Страница 16 из 18
– Но это был мой план: лететь и петь, – проворчал йодрик.
– Если ты не заметил, у каждого из нас был именно этот план, – осадил его Силь.
– Да? Я не заметил, – удивился Троп.
Силь и Душаня рассмеялись в голос.
Деревья пригнулись от ветра. Вернулась Фонла и заорала с высоты:
– Эй, мелюзга, а ну-ка цыц. А то мигом сделаю фарш на утренние котлетки!
На что способна крикливая Фонла, никто не знал. Друзья переглянулись. Троп подмигнул. В конце концов, у них был план и завтрашний день. Незаметно их сморил сон, укачал от всех прошедших событий в тишину и покой.
– Па-а-адъем! – скомандовала Фонла.
От неожиданности йодрик слетел с кучи листьев, плюхель подпрыгнул, разворошив разлетевшиеся остатки, а древока осела на землю в гнездо из остатков листвы.
– Что такое? – потягиваясь, спросил Силь.
– Завтракайте живо, – рявкнула Фонла, – мы улетаем.
– Но куда?
– Летучий остров собираетесь искать или только болтать о нем горазды? – проворчала Бабу.
– Вы нам поможете? – обрадовались друзья.

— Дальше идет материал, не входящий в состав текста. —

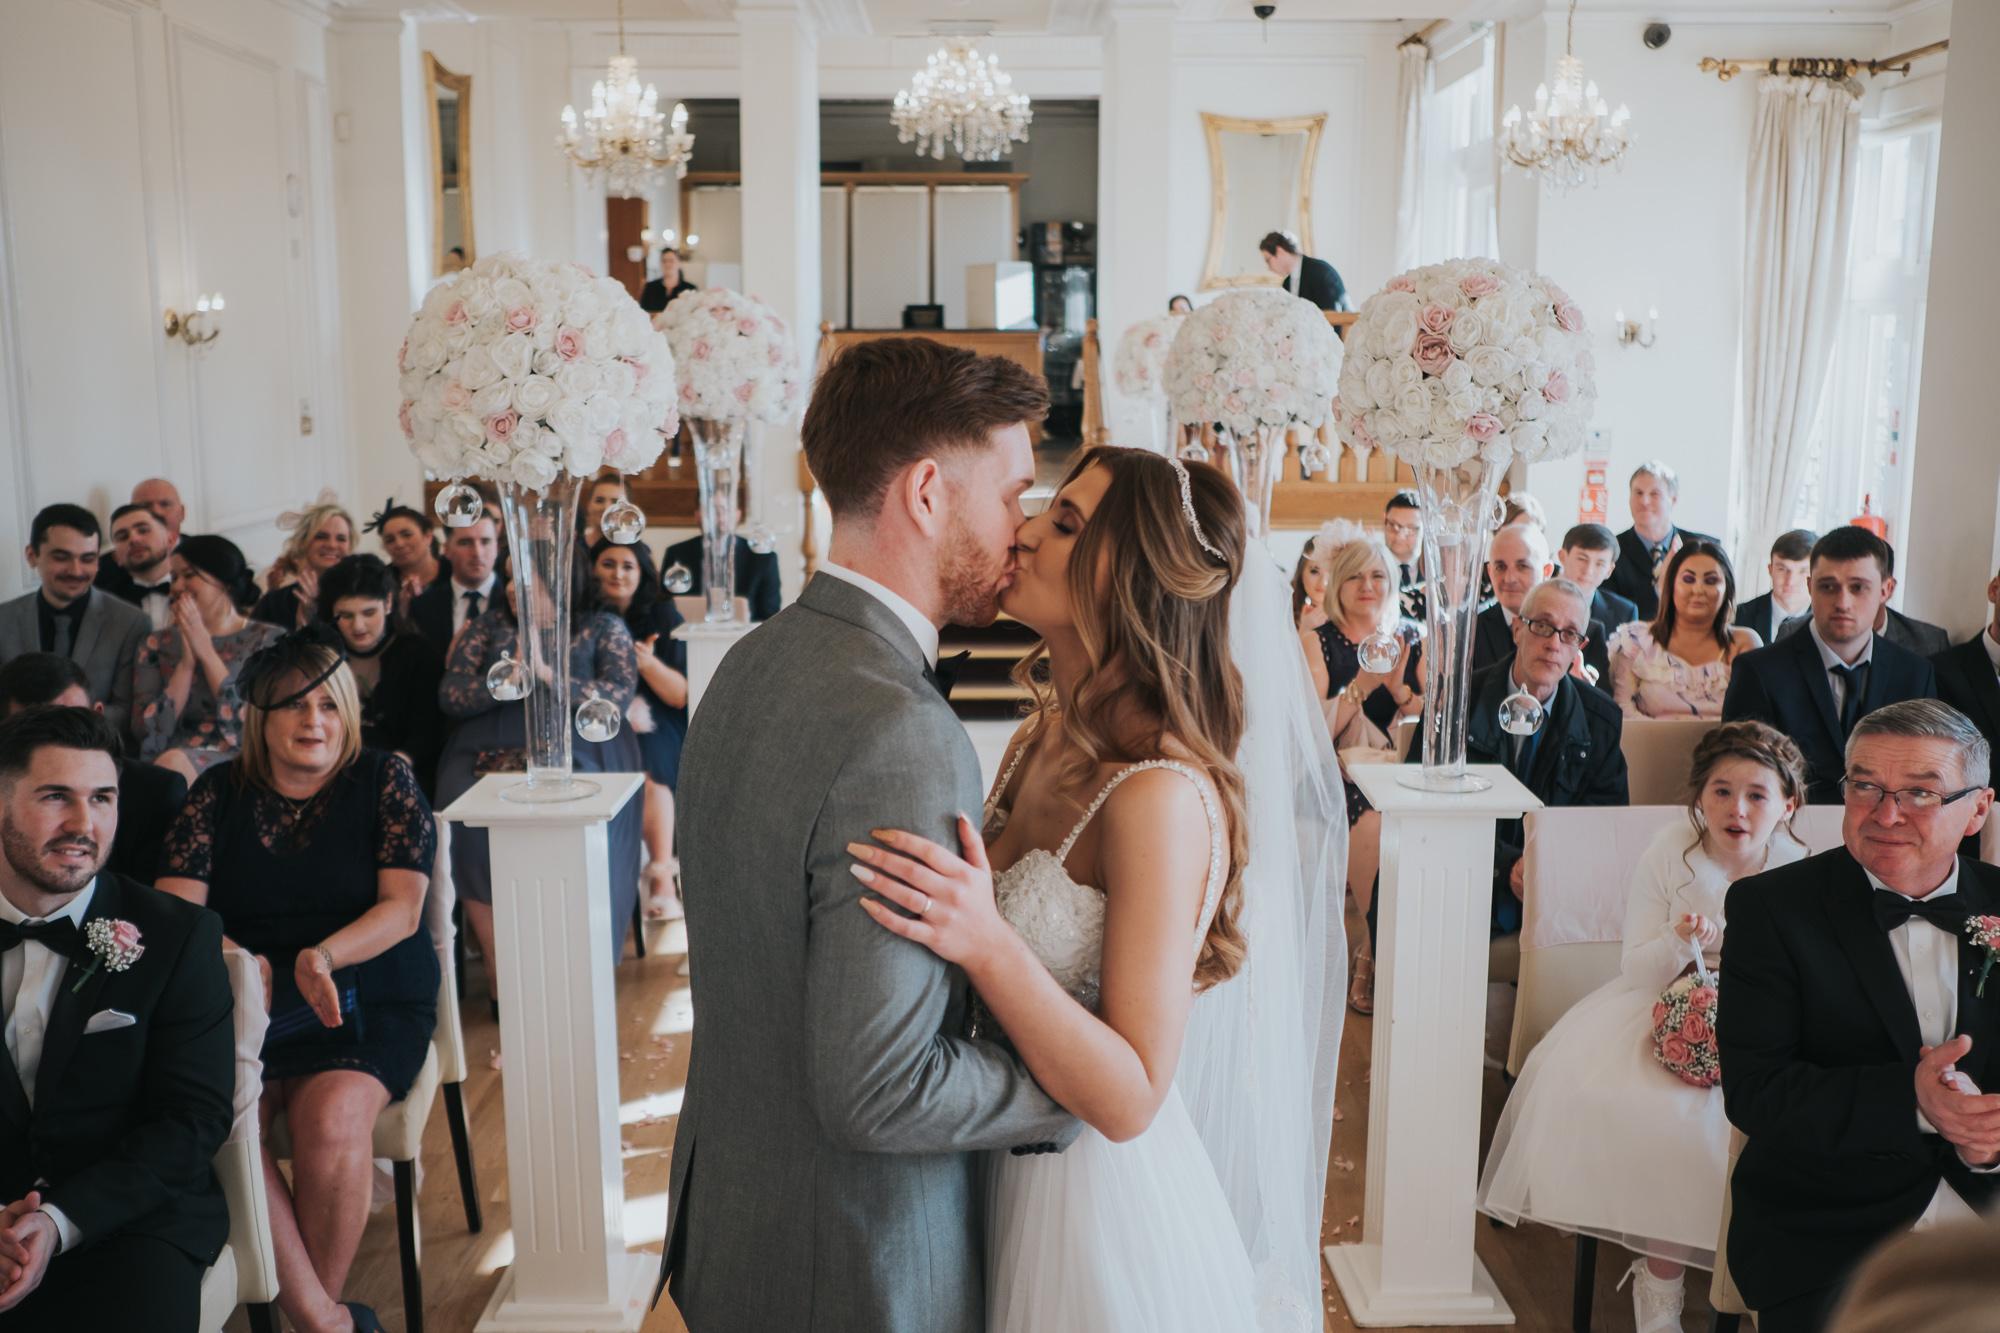 West Tower Exclusive Wedding Venue wedding photography merseyside and lancashire wedding photographer (28 of 60).jpg

– Хех, – переглянулись с Фонлой Бабу, – поможем-поможем.
Бабу жарила на костре хлеб и, достав из-под грязного передника банку с вареньем, намазала бутерброды, окутанные дымом костра. Фонла открутила термос с душистым, на травах чаем, и все принялись запивать хрустящие горячие бутерброды из одной кружки по очереди, обжигаясь от ее горячих металлических краев.
– Садитесь на спину Фонлы, – скомандовала Бабу.
– Пусть сначала руки вымоют, пачкули мелкие, – сказала вторая голова Фонлы первой.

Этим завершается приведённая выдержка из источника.